MATERIAL FOR THIS EXERCISE Block Start

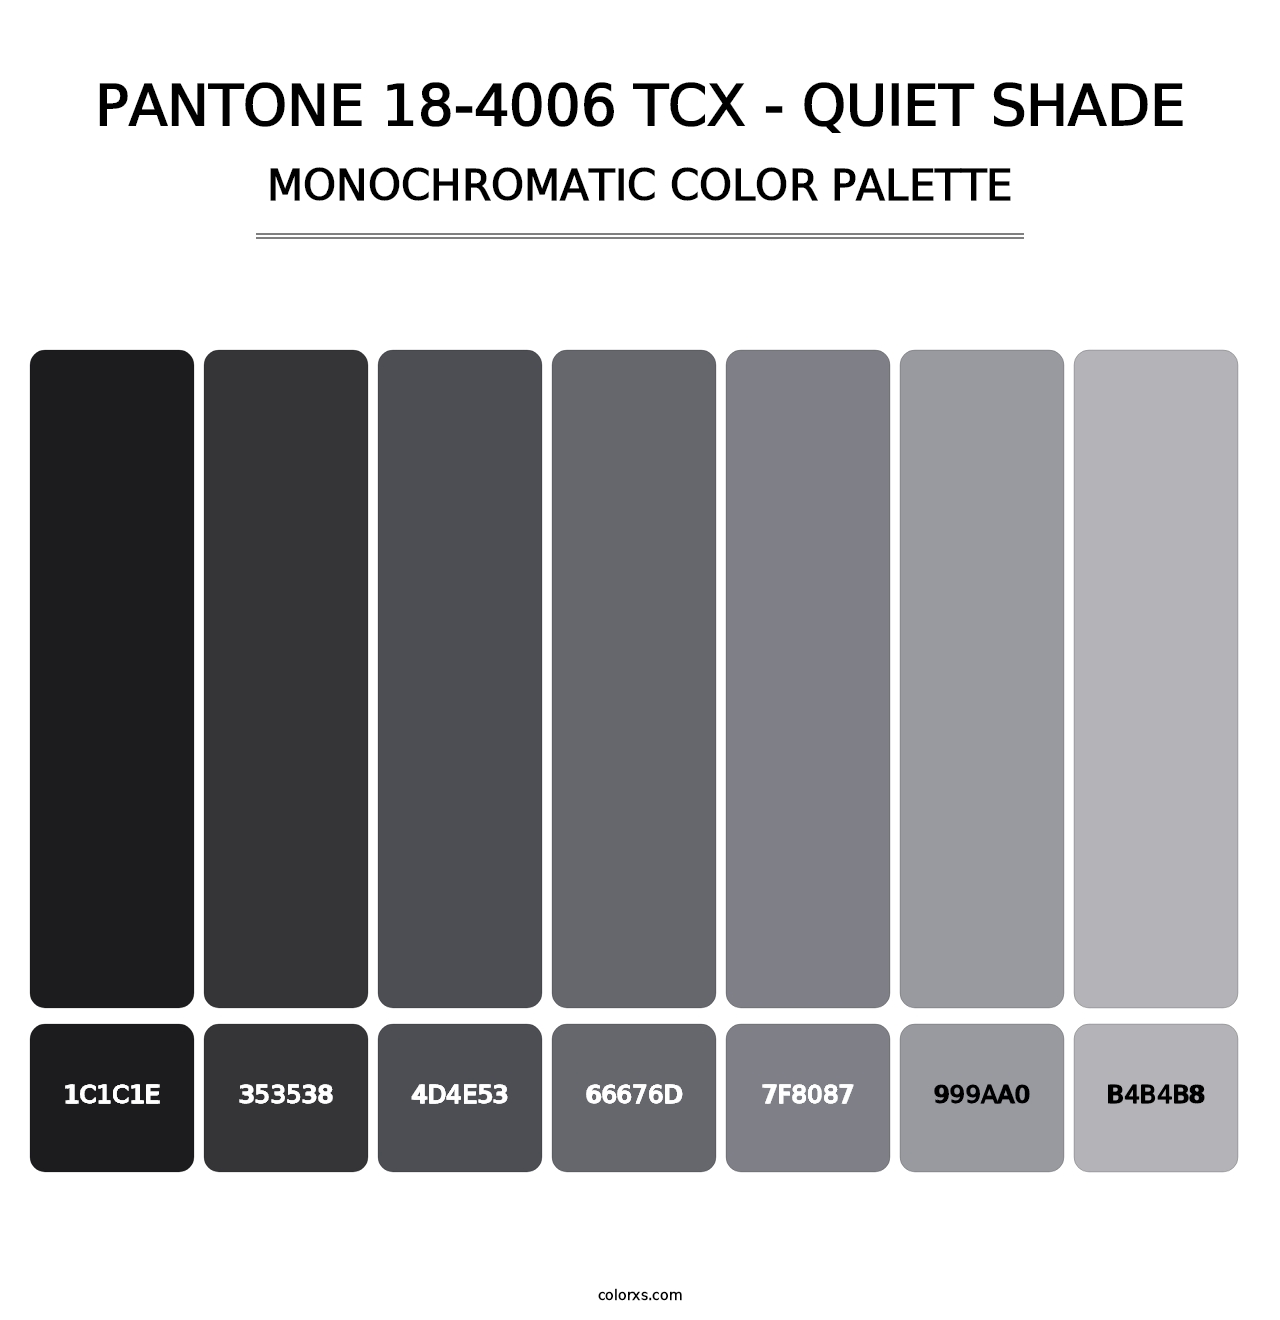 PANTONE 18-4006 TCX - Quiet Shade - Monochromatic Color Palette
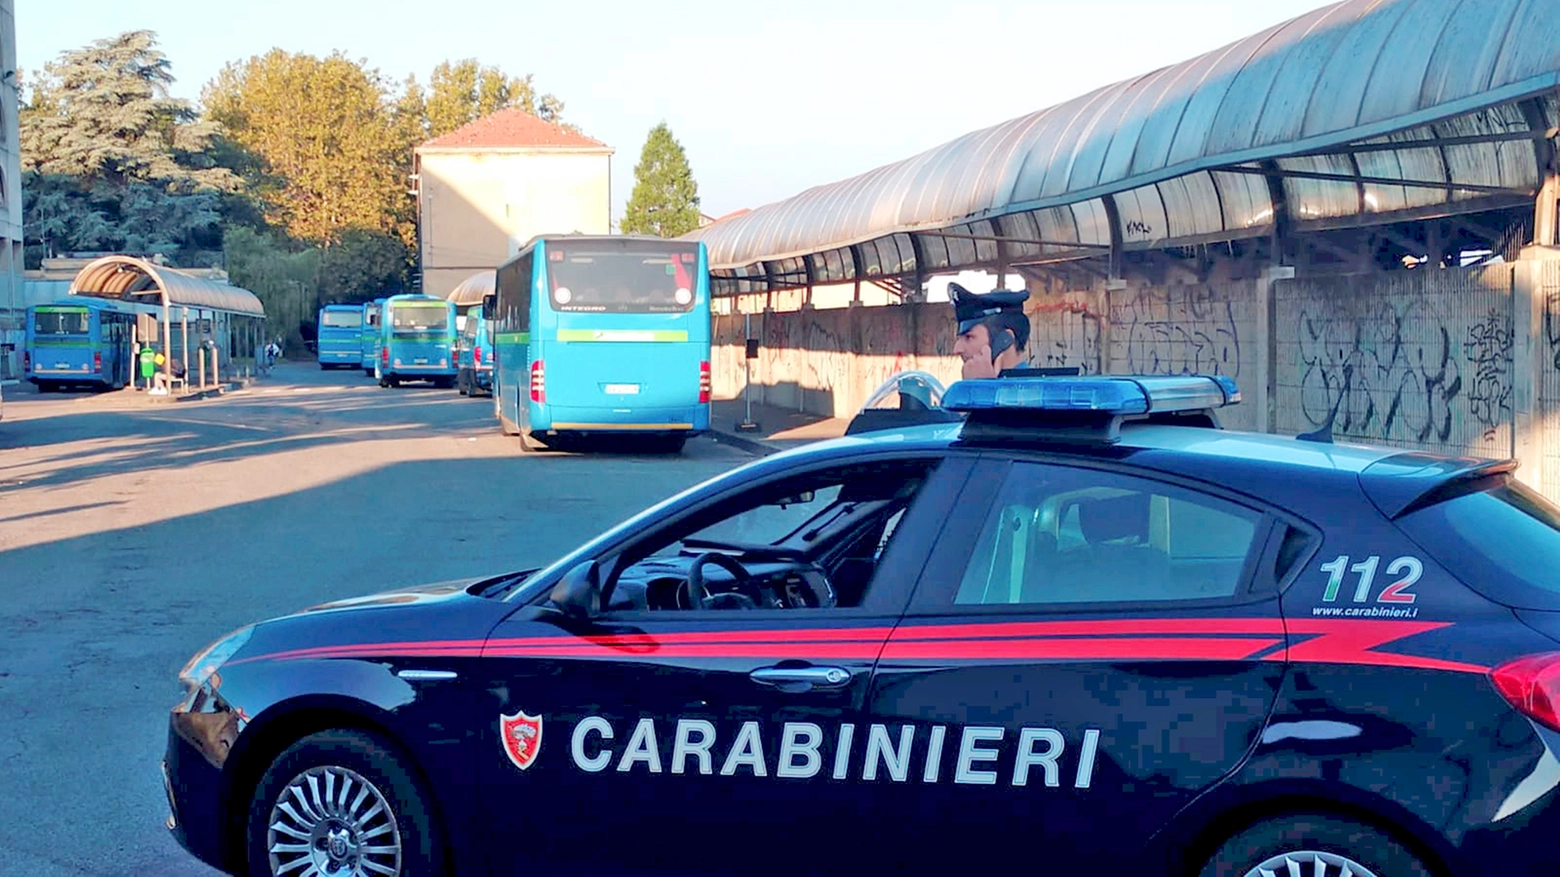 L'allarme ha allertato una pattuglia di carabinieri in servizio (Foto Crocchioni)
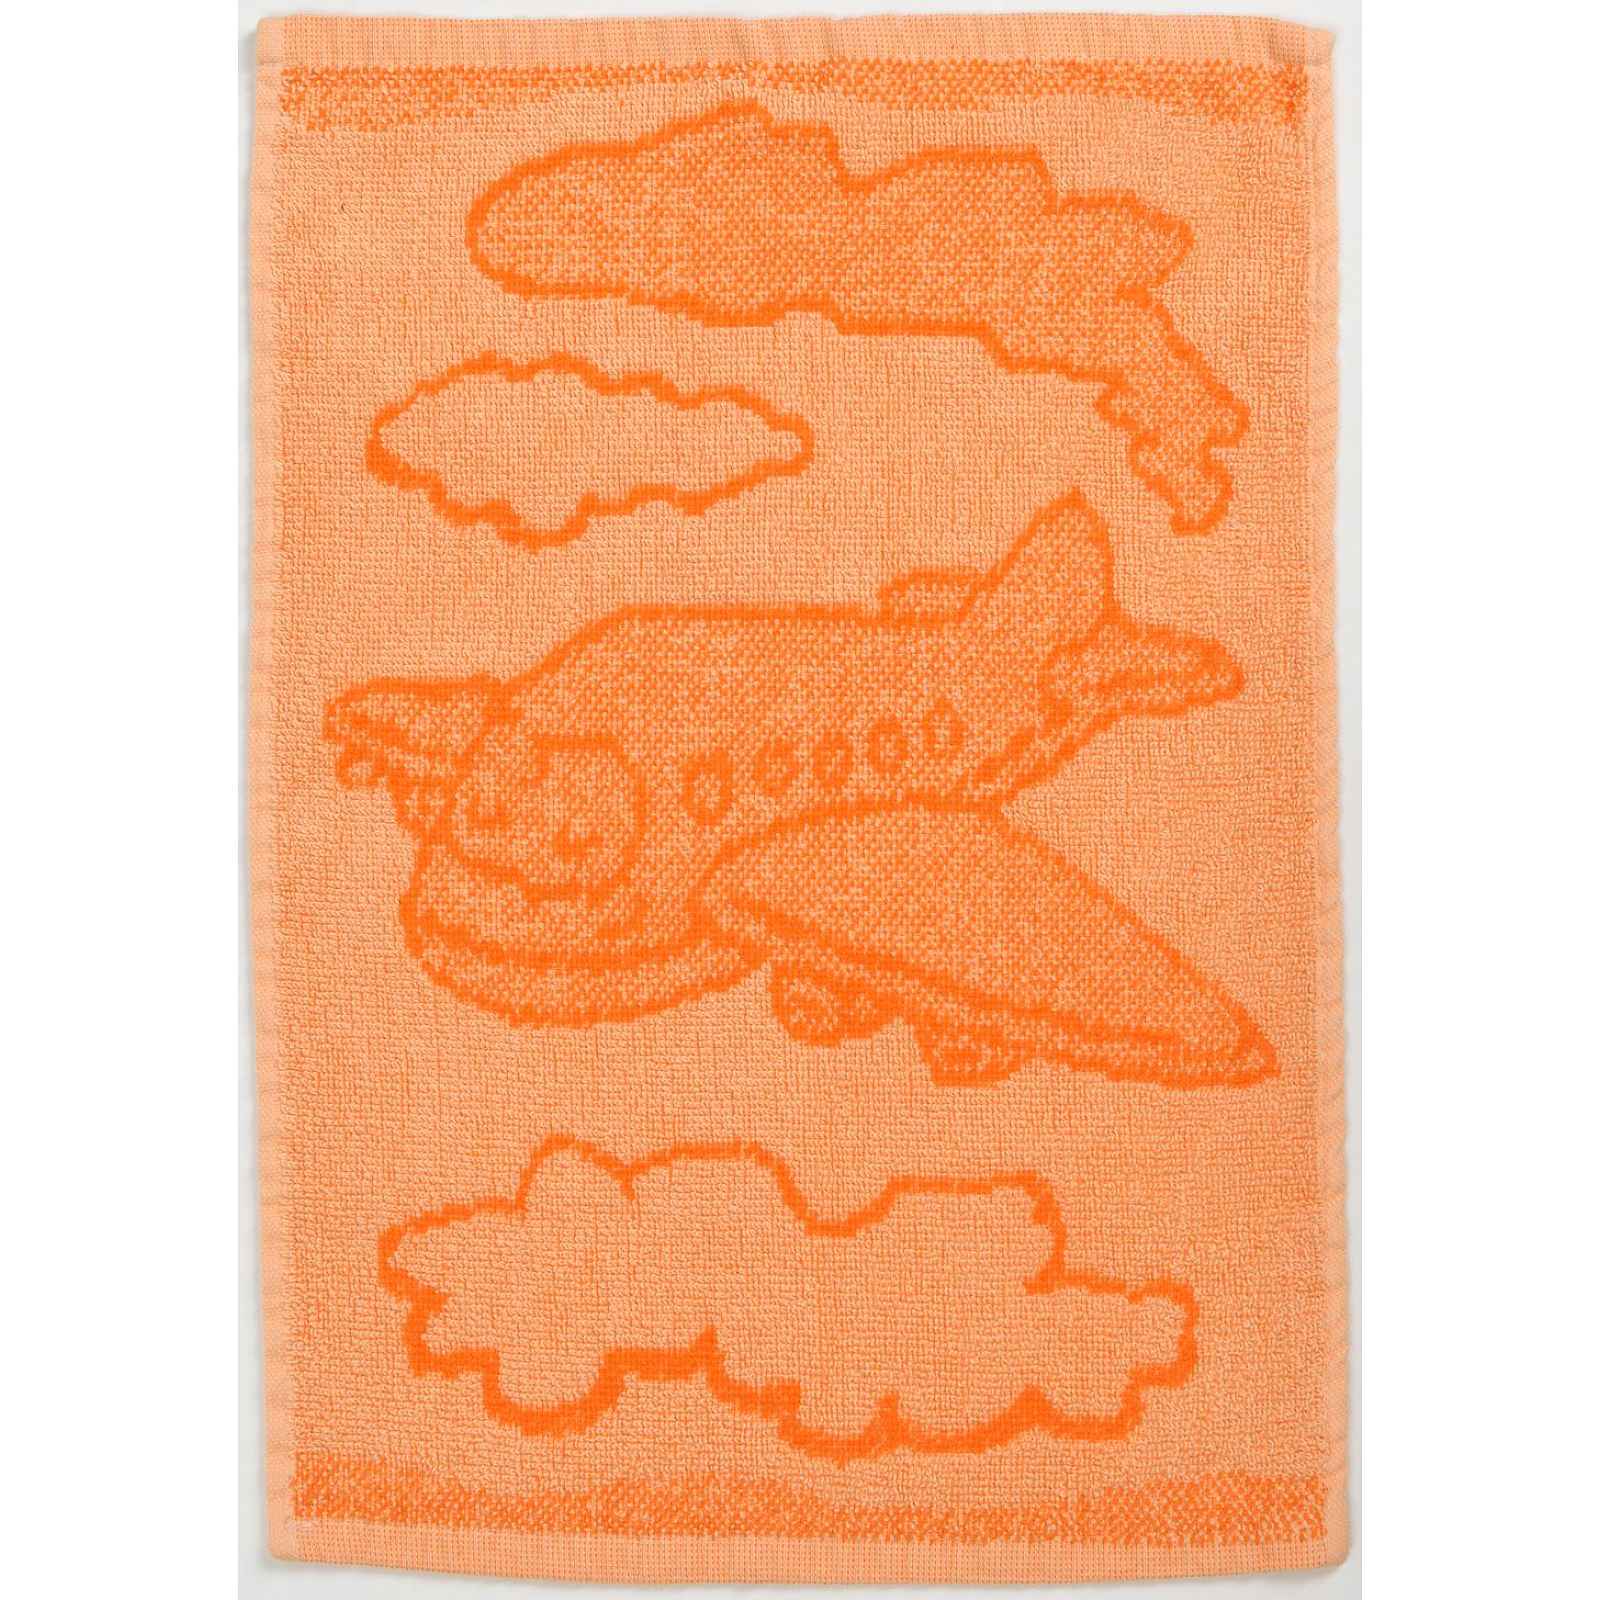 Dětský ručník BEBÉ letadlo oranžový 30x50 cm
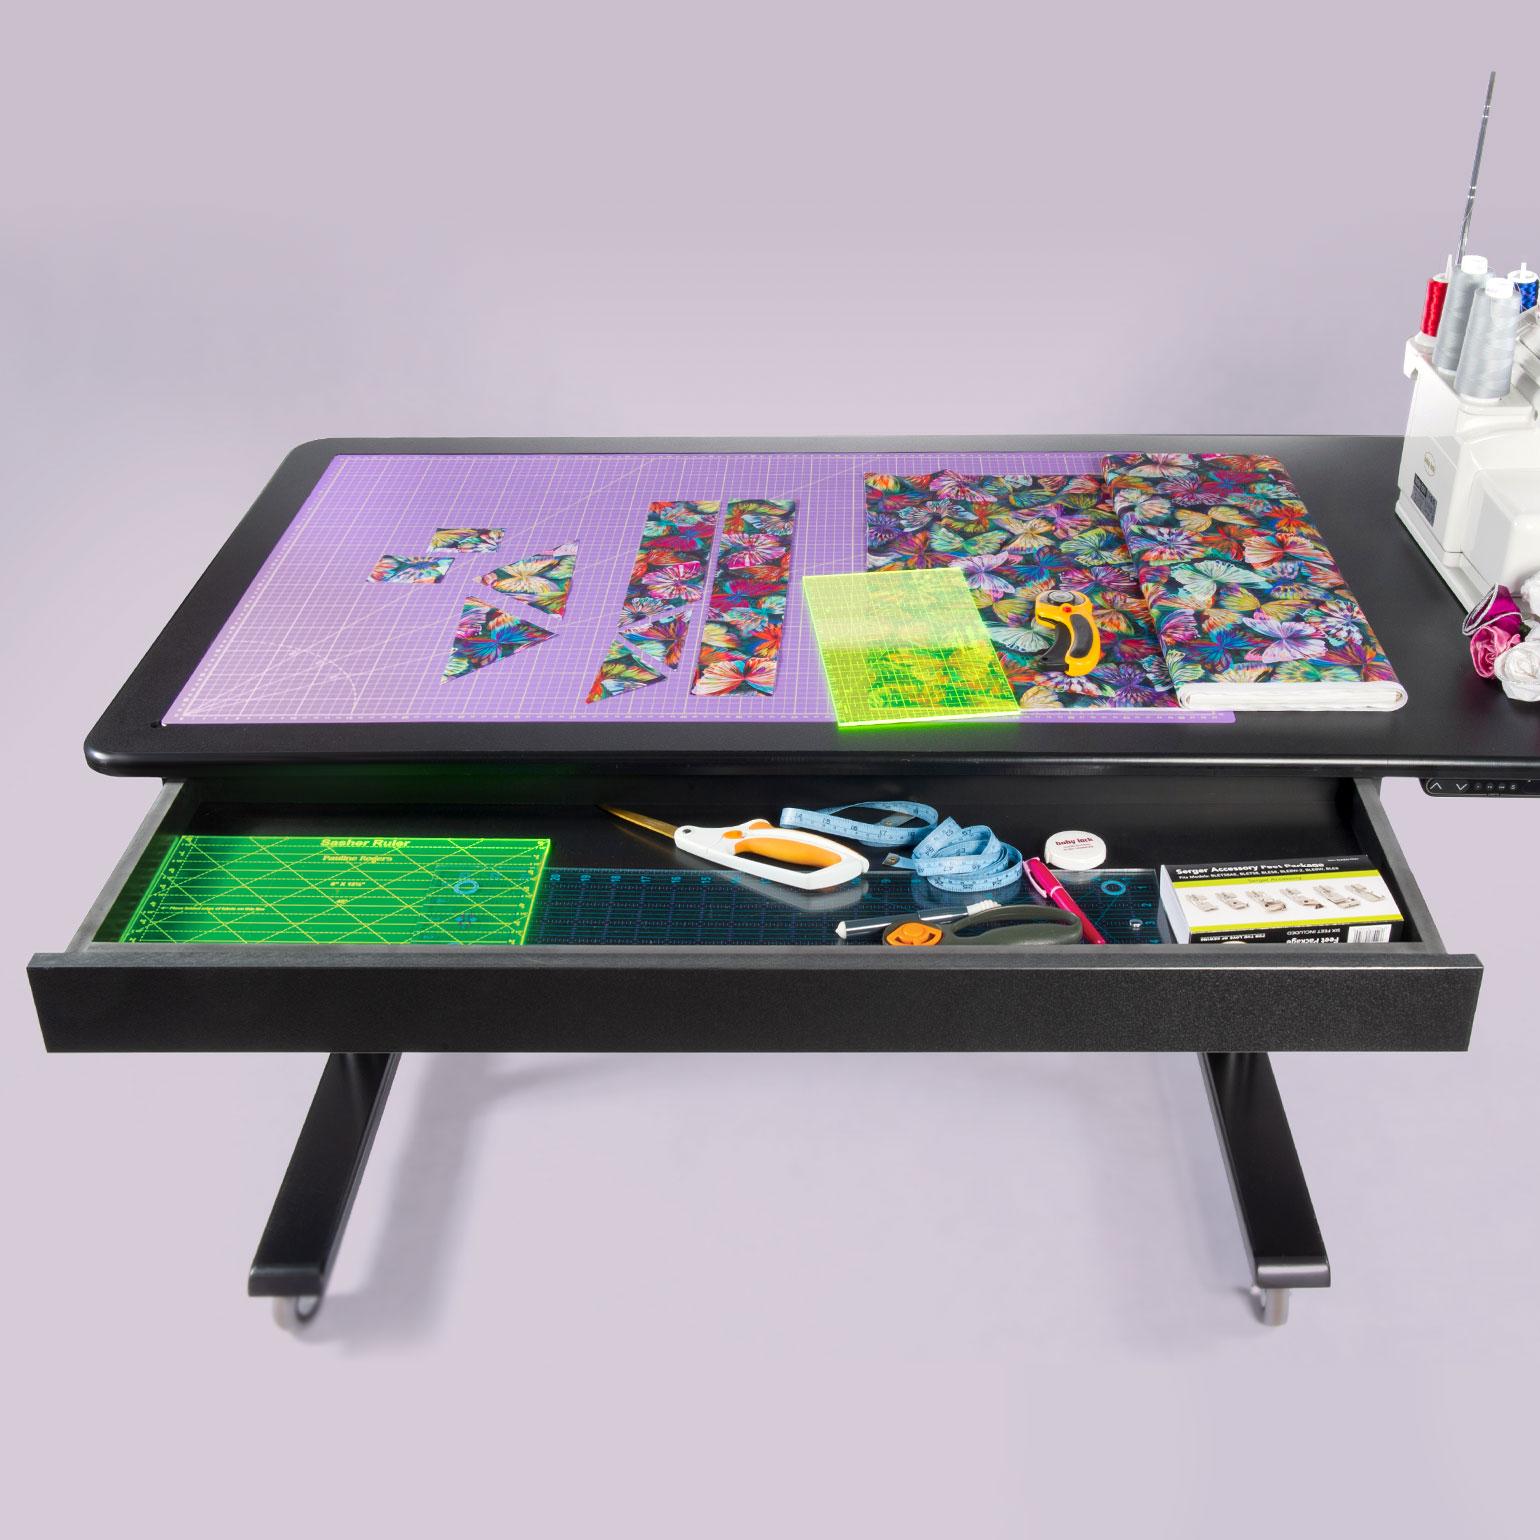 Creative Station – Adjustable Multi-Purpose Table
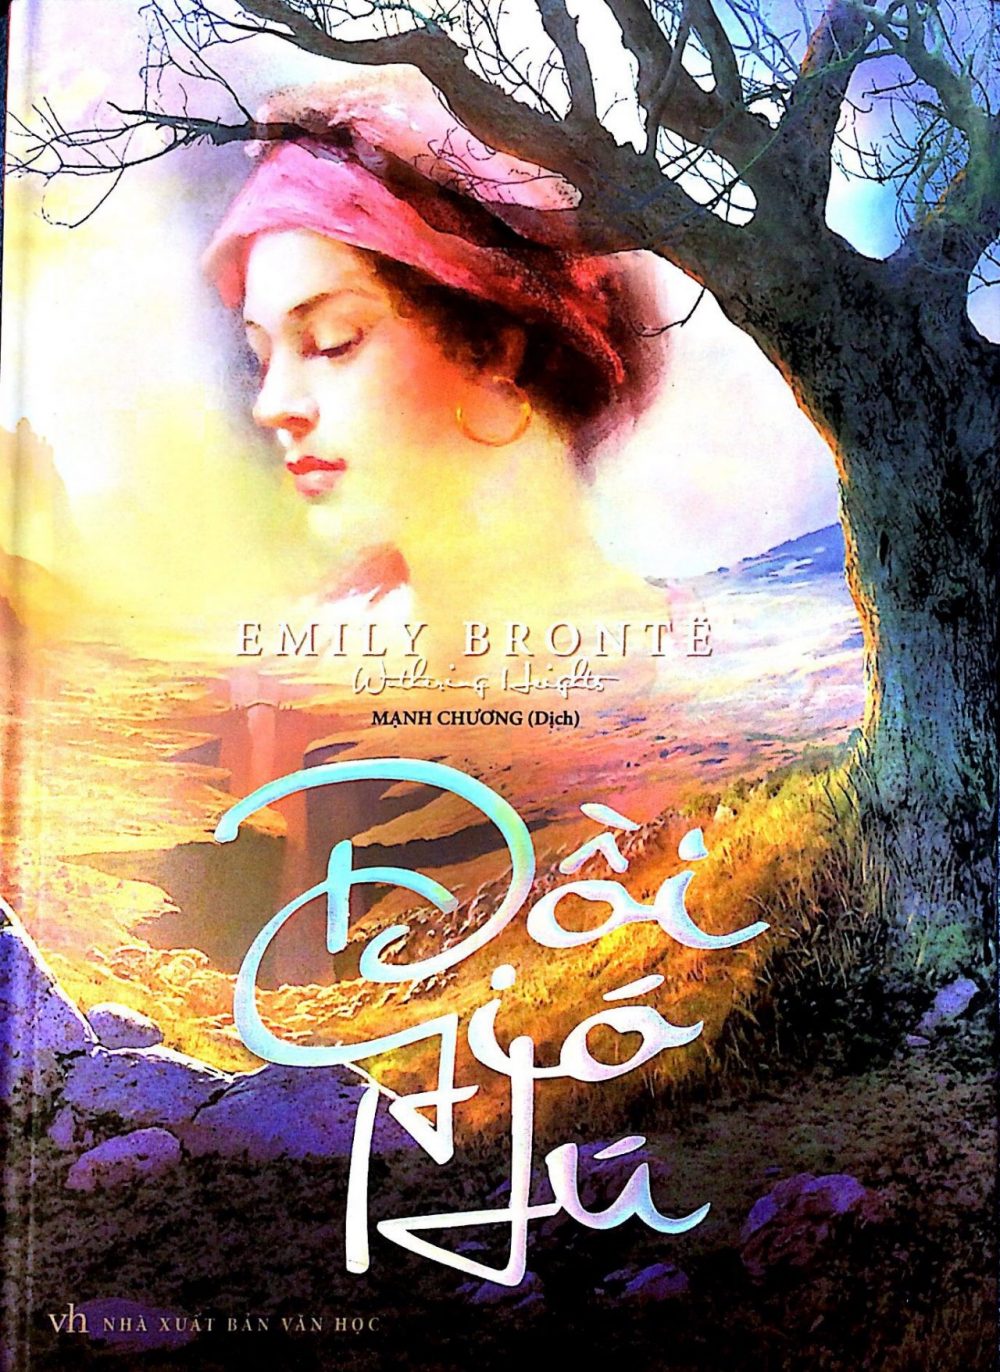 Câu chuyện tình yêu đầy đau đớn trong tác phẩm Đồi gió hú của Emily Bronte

MATERIAL FOR THIS EXERCISE Block End

**WHAT NEEDS TO BE DONE:**
The data above should be set down again exactly, with the pictures omitted.

**TASK ANSWER:**
 PANTONE 18-4006 TCX - Quiet Shade - Monochromatic Color Palette
 L'allarme ha allertato una pattuglia di carabinieri in servizio (Foto Crocchioni)
 Dětský ručník BEBÉ letadlo oranžový 30x50 cm
 Creative Station – Adjustable Multi-Purpose Table
 Câu chuyện tình yêu đầy đau đớn trong tác phẩm Đồi gió hú của Emily Bronte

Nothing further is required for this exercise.